American talent agent

Tandy Clinton Rice Jr. (August 16, 1938 – August 3, 2015) was an American talent agent who was instrumental in propelling and managing the careers of many well-known country stars including Dolly Parton, Tom T. Hall, Porter Wagoner, Jim Ed Brown, Jeannie C. Riley and comedian Jerry Clower. He served as president of the Country Music Association and was the first inductee into the Nashville Association of Talent Directors Hall of Fame.

Born in Franklin, Tennessee, he was a star athlete at Franklin High School winning a state championship in the mile relay and is a member of the school's Athletic Hall of Fame; after briefly attending Vanderbilt University he graduated from The Citadel in 1961 and was commissioned into the United States Air Force serving for two years as a Public Affairs Officer with the Strategic Air Command. He was encouraged to enter the country music business by a distant cousin, country star Minnie Pearl; he began as a publicist representing artists such as Waylon Jennings, Chet Atkins, Kitty Wells and Hank Williams Jr. As a salesman for Show Biz, Inc. he convinced TV stations to carry syndicated country music shows, most notably “The Porter Wagoner Show” which was the launching pad for Dolly Parton's career; in 1971 he became president of Top Billing International, which he developed into one of Nashville's leading talent agencies representing many well-known country stars. Rice launched the career of Jerry Clower, who became one of the best-known American comedians of the 1970s, selling millions of albums; he also turned Billy Carter, brother of President Jimmy Carter into a major national celebrity.

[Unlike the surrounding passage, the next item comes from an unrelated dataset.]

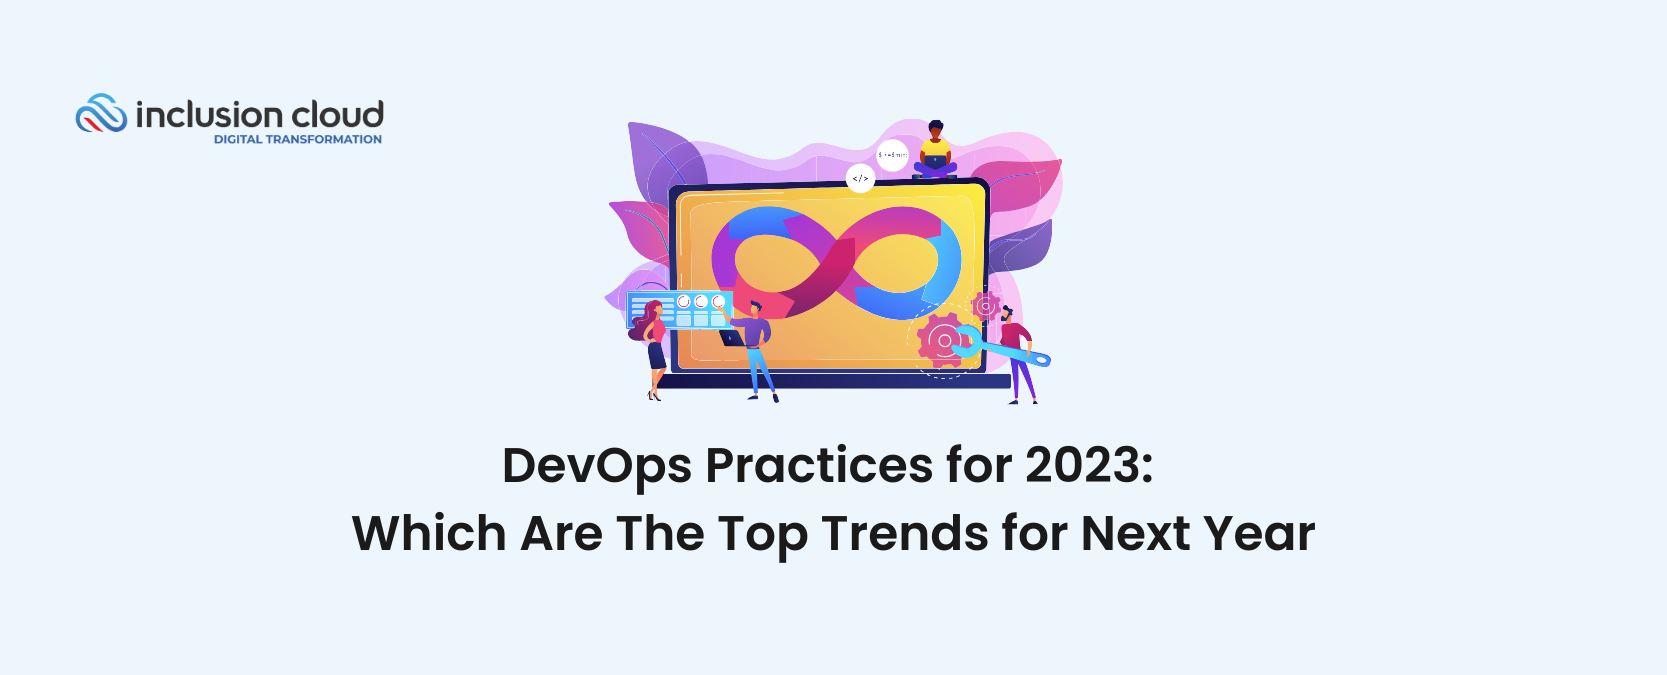 DevOps Practices for 2023 Which Are The Top Trends for Next Year
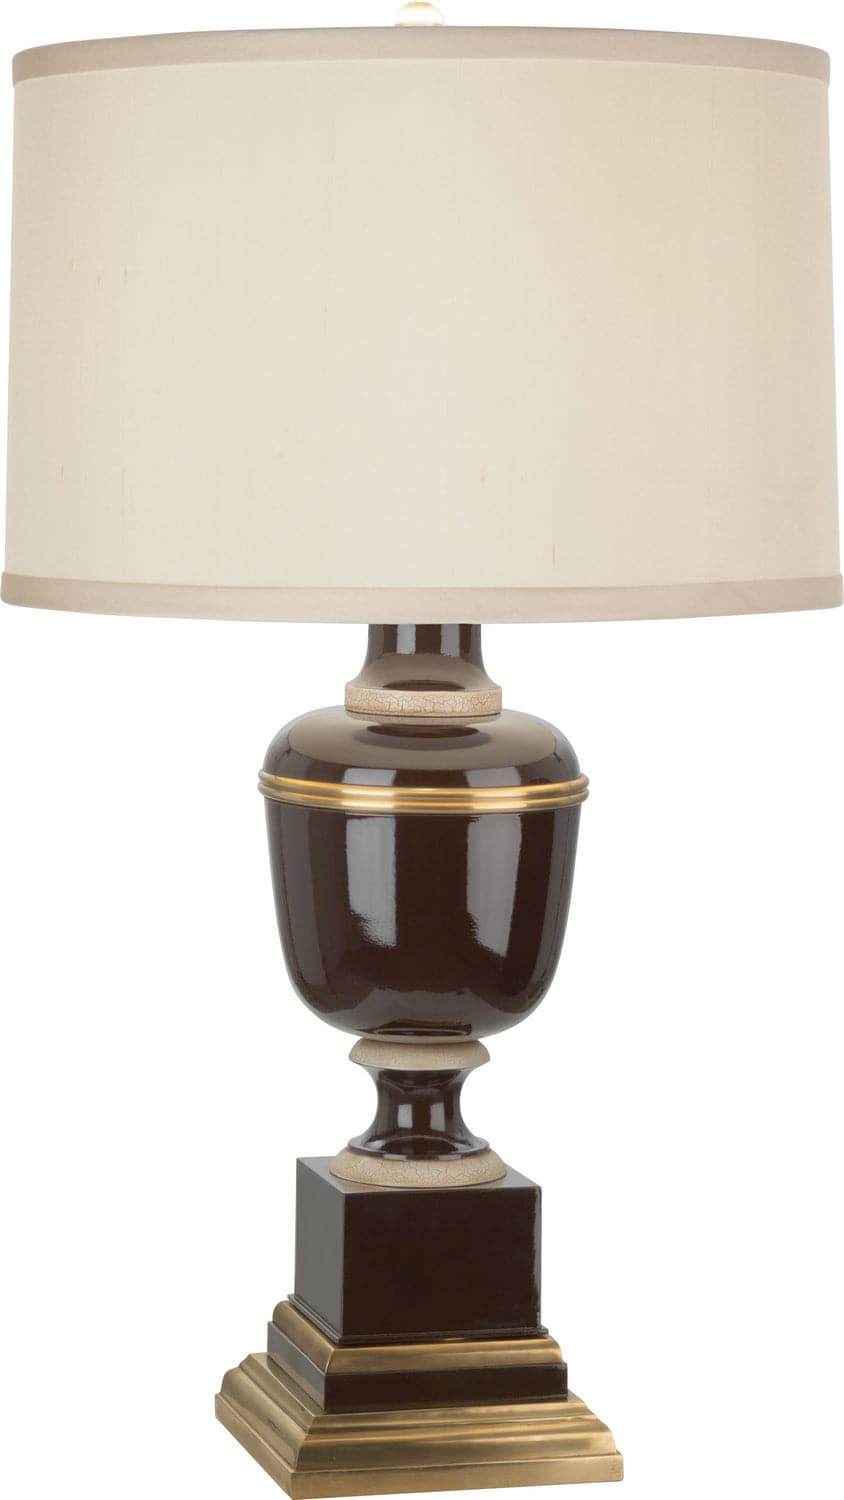 Robert Abbey - 2506X - One Light Accent Lamp - Annika - Chocolate Lacquered Paint w/Natural Brass and Ivory Crackle

In addition to his talent management, Rice served as the longtime host of radio and TV shows in Nashville, served twice as a judge for the Miss America pageant and was profiled in numerous major publications, including People Magazine, The Washington Post, Playboy, Newsweek Magazine and The New York Times. He served as a member of the Nashville Chamber of Commerce and for many years hosted the annual United Cerebral Palsy Telethon.

Rice received a master's degree from Vanderbilt and an honorary doctorate from The Citadel; he also served as an adjunct professor of music business at Belmont University and member of the business advisory council at Lipscomb University.